Data for processing:
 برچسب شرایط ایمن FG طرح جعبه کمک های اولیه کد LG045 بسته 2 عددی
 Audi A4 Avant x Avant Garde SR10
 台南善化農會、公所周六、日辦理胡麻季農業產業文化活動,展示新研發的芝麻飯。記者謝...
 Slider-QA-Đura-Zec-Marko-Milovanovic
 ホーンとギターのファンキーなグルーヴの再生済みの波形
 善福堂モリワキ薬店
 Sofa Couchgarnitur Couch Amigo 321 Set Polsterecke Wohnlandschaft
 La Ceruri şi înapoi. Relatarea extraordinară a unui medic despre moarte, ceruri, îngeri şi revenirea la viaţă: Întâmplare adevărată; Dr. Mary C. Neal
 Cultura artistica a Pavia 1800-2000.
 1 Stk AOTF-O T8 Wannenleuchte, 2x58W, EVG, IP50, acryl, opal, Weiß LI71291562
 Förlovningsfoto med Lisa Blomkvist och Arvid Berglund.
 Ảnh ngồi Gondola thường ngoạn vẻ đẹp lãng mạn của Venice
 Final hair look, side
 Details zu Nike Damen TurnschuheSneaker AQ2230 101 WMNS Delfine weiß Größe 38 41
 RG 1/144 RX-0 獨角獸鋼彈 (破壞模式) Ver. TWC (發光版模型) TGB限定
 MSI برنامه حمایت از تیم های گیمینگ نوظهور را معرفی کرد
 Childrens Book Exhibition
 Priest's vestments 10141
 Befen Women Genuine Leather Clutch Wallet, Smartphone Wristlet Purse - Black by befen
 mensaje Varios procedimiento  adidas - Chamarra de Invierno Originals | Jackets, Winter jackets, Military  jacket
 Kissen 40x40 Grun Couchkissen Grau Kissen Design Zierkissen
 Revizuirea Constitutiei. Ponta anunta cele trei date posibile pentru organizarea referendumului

About this task: Using the listing above, reproduce each line without omission.

Response to this task:
 برچسب شرایط ایمن FG طرح جعبه کمک های اولیه کد LG045 بسته 2 عددی
 Audi A4 Avant x Avant Garde SR10
 台南善化農會、公所周六、日辦理胡麻季農業產業文化活動,展示新研發的芝麻飯。記者謝...
 Slider-QA-Đura-Zec-Marko-Milovanovic
 ホーンとギターのファンキーなグルーヴの再生済みの波形
 善福堂モリワキ薬店
 Sofa Couchgarnitur Couch Amigo 321 Set Polsterecke Wohnlandschaft
 La Ceruri şi înapoi. Relatarea extraordinară a unui medic despre moarte, ceruri, îngeri şi revenirea la viaţă: Întâmplare adevărată; Dr. Mary C. Neal
 Cultura artistica a Pavia 1800-2000.
 1 Stk AOTF-O T8 Wannenleuchte, 2x58W, EVG, IP50, acryl, opal, Weiß LI71291562
 Förlovningsfoto med Lisa Blomkvist och Arvid Berglund.
 Ảnh ngồi Gondola thường ngoạn vẻ đẹp lãng mạn của Venice
 Final hair look, side
 Details zu Nike Damen TurnschuheSneaker AQ2230 101 WMNS Delfine weiß Größe 38 41
 RG 1/144 RX-0 獨角獸鋼彈 (破壞模式) Ver. TWC (發光版模型) TGB限定
 MSI برنامه حمایت از تیم های گیمینگ نوظهور را معرفی کرد
 Childrens Book Exhibition
 Priest's vestments 10141
 Befen Women Genuine Leather Clutch Wallet, Smartphone Wristlet Purse - Black by befen
 mensaje Varios procedimiento  adidas - Chamarra de Invierno Originals | Jackets, Winter jackets, Military  jacket
 Kissen 40x40 Grun Couchkissen Grau Kissen Design Zierkissen
 Revizuirea Constitutiei. Ponta anunta cele trei date posibile pentru organizarea referendumului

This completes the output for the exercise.